Reproduce each entry below exactly as it appears.

==== Record excerpts ====

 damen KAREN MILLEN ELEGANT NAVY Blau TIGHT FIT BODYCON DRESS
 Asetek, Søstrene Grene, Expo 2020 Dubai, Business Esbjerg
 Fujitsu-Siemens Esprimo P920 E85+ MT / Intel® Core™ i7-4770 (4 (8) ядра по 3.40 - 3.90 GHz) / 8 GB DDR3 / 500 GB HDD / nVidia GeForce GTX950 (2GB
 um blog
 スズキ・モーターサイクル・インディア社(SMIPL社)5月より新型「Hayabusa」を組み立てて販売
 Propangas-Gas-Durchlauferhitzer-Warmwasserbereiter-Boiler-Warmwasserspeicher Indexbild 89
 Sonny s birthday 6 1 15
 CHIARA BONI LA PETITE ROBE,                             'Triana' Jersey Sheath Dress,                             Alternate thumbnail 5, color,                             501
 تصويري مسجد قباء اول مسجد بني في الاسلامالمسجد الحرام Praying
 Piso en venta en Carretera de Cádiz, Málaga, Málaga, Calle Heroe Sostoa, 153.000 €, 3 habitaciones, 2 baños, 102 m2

====

_Finished exercise_.
 damen KAREN MILLEN ELEGANT NAVY Blau TIGHT FIT BODYCON DRESS
 Asetek, Søstrene Grene, Expo 2020 Dubai, Business Esbjerg
 Fujitsu-Siemens Esprimo P920 E85+ MT / Intel® Core™ i7-4770 (4 (8) ядра по 3.40 - 3.90 GHz) / 8 GB DDR3 / 500 GB HDD / nVidia GeForce GTX950 (2GB
 um blog
 スズキ・モーターサイクル・インディア社(SMIPL社)5月より新型「Hayabusa」を組み立てて販売
 Propangas-Gas-Durchlauferhitzer-Warmwasserbereiter-Boiler-Warmwasserspeicher Indexbild 89
 Sonny s birthday 6 1 15
 CHIARA BONI LA PETITE ROBE,                             'Triana' Jersey Sheath Dress,                             Alternate thumbnail 5, color,                             501
 تصويري مسجد قباء اول مسجد بني في الاسلامالمسجد الحرام Praying
 Piso en venta en Carretera de Cádiz, Málaga, Málaga, Calle Heroe Sostoa, 153.000 €, 3 habitaciones, 2 baños, 102 m2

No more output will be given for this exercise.